Copy nothing but the lines below, from the one with "Los cambios de" through the one with "13 Alit - Minimalist", exactly as written; no pictures should appear.

RAW DATA —
====

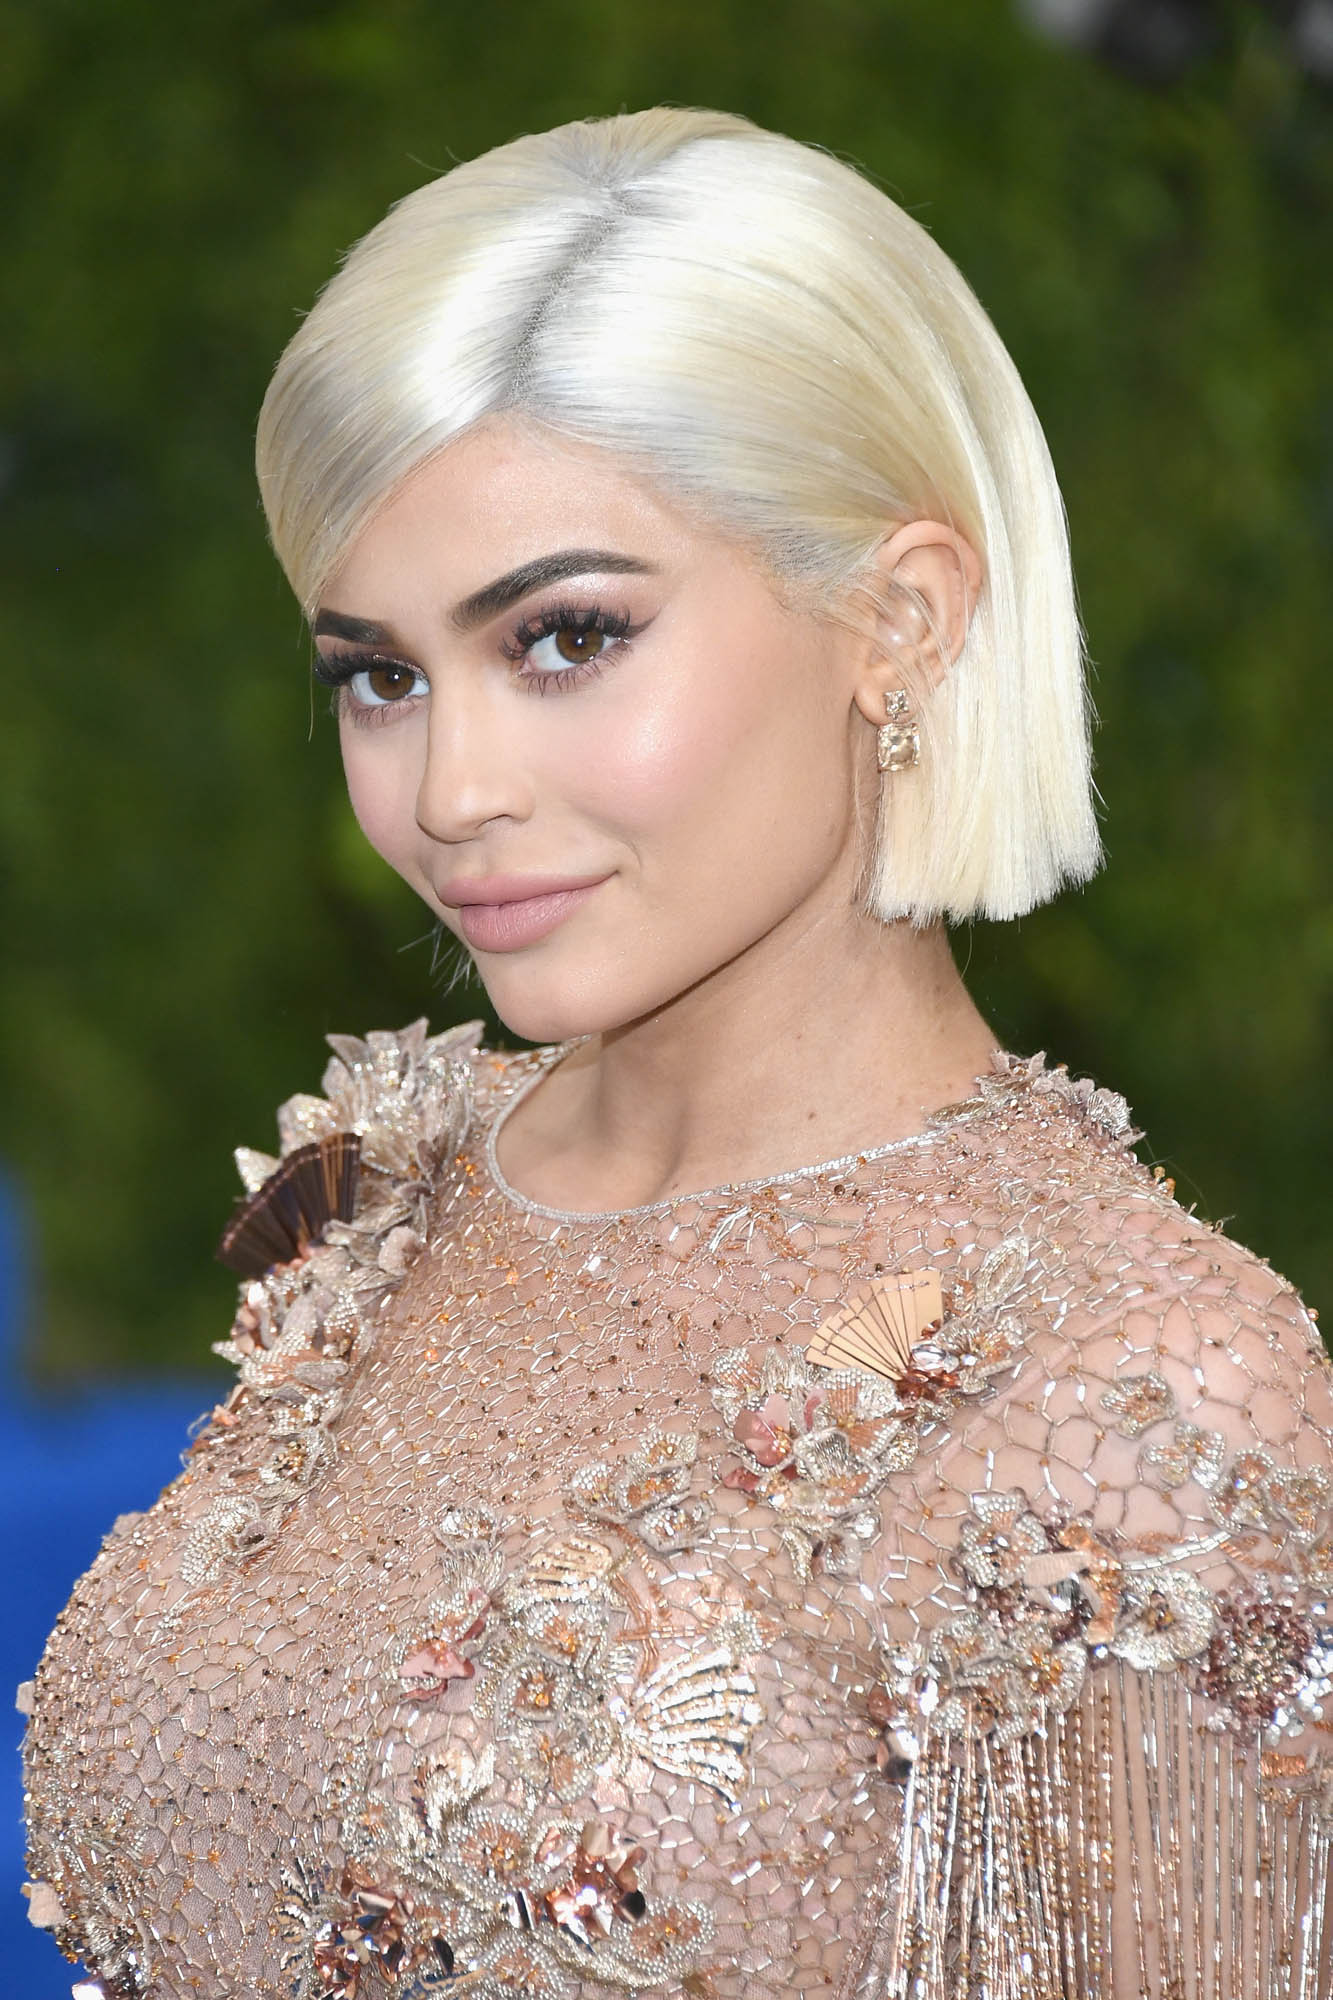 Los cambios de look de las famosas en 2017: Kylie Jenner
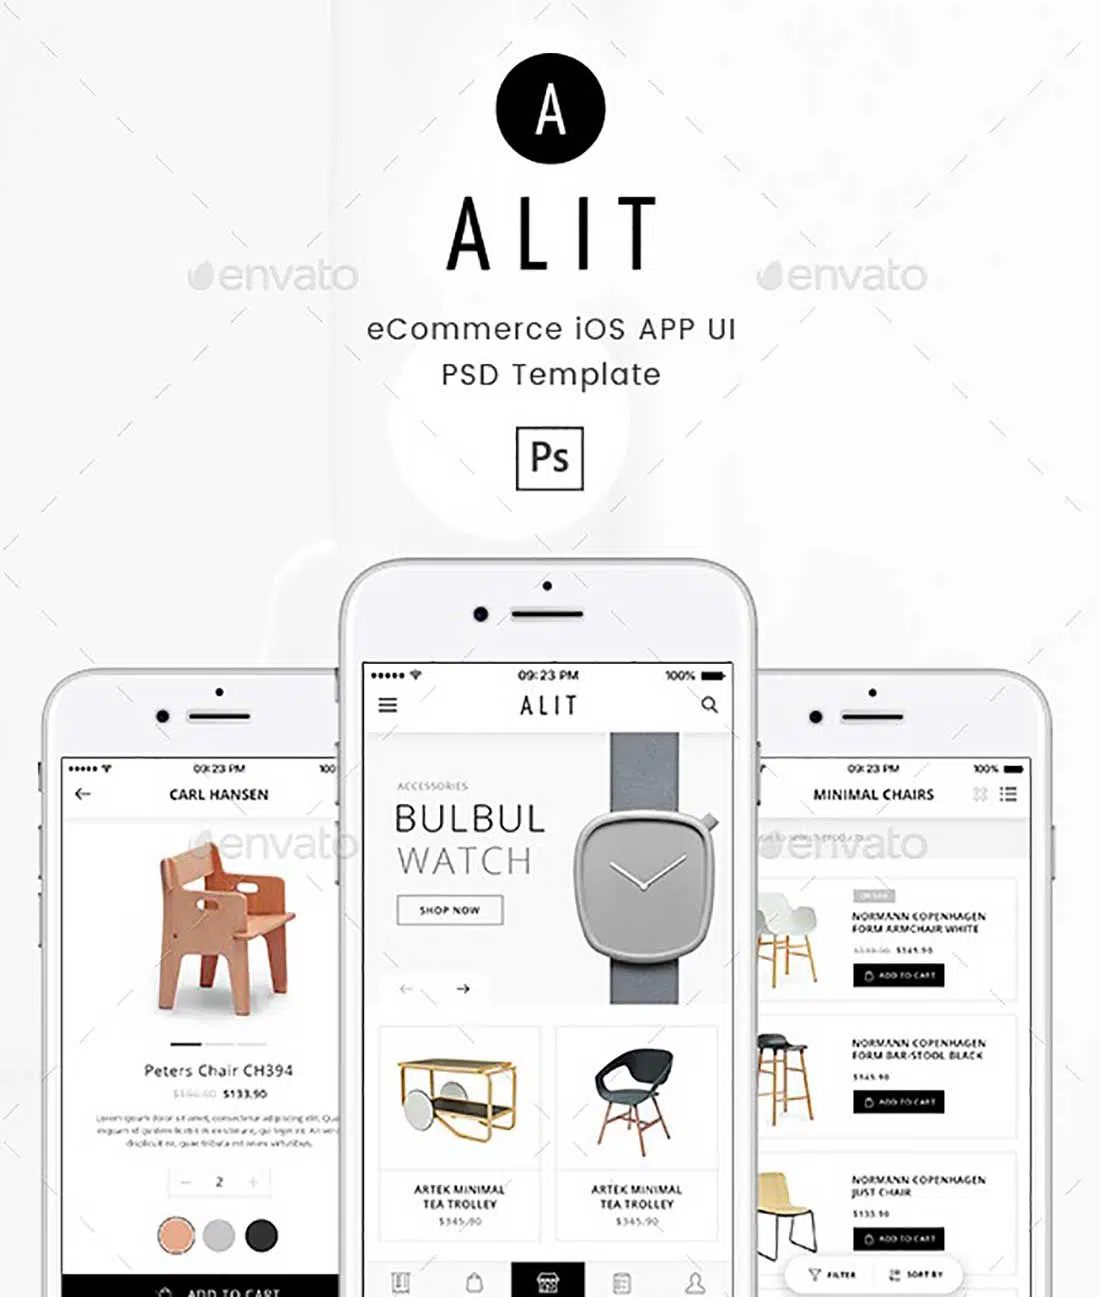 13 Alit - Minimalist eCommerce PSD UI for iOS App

====

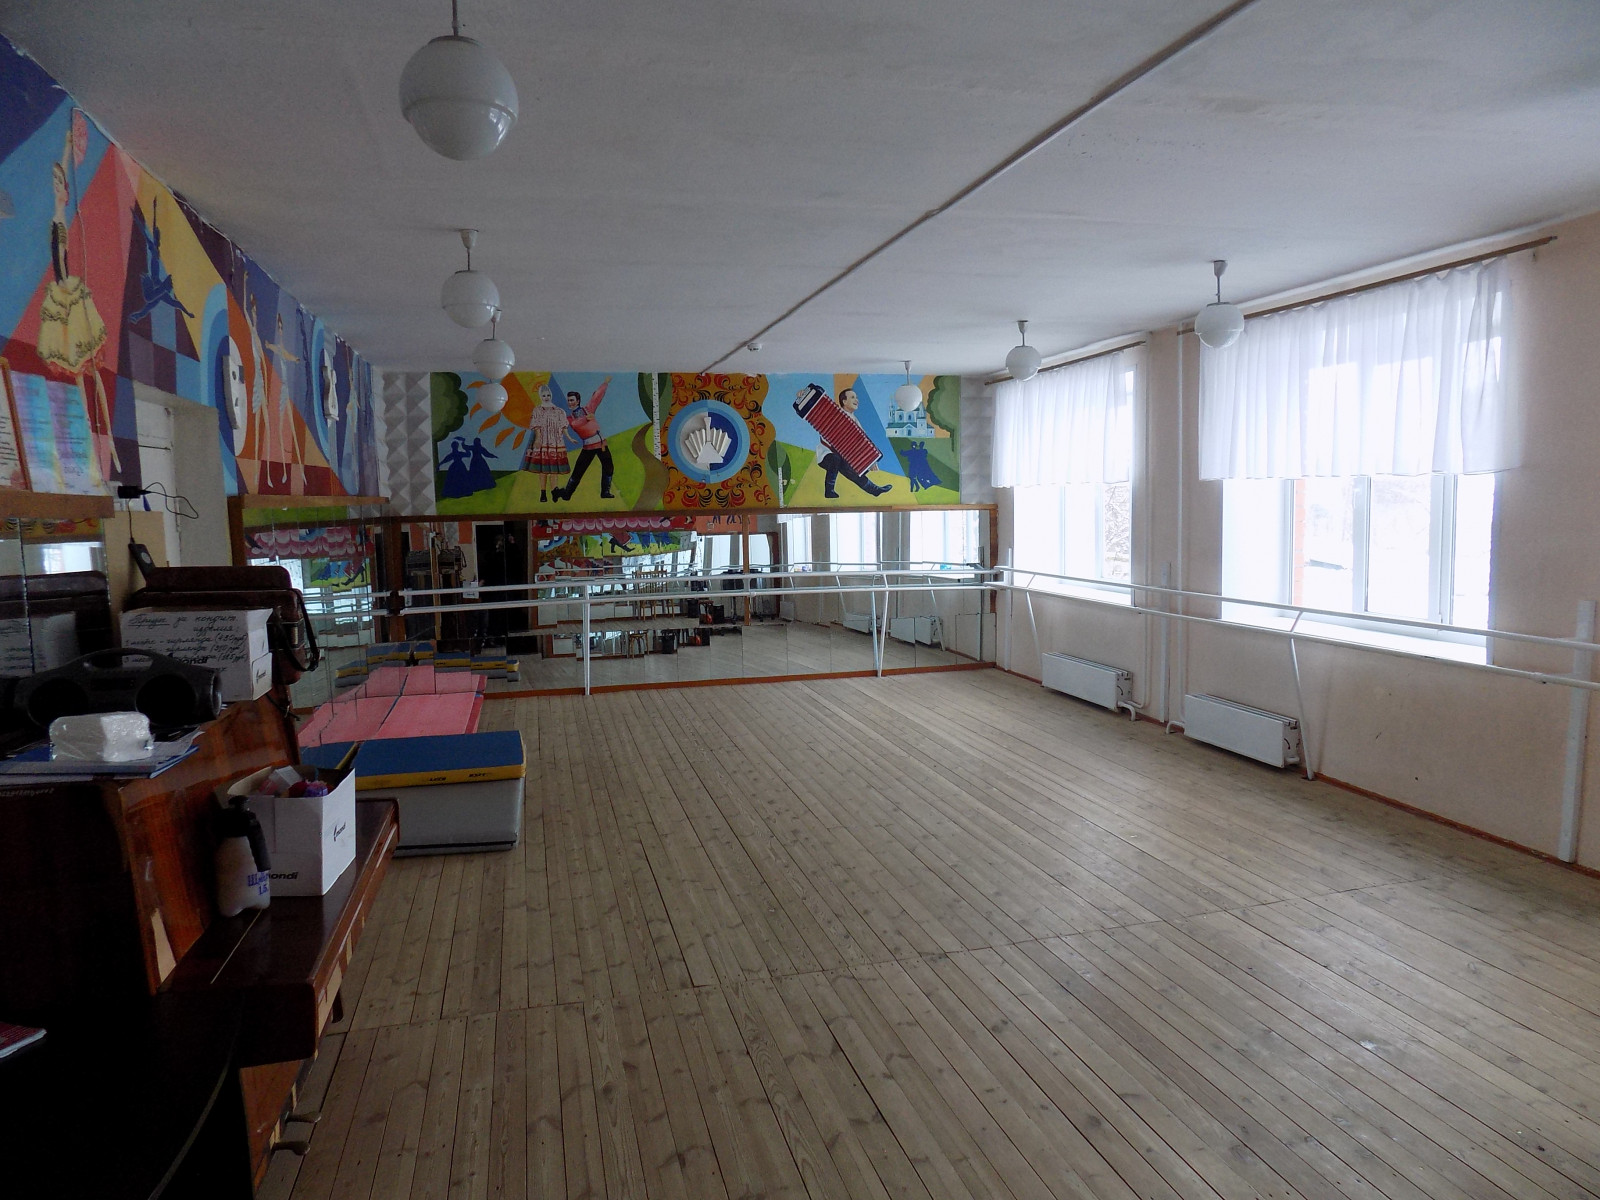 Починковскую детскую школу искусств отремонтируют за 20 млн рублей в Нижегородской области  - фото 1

====

WRITTEN RESPONSE —
 Los cambios de look de las famosas en 2017: Kylie Jenner
 13 Alit - Minimalist eCommerce PSD UI for iOS App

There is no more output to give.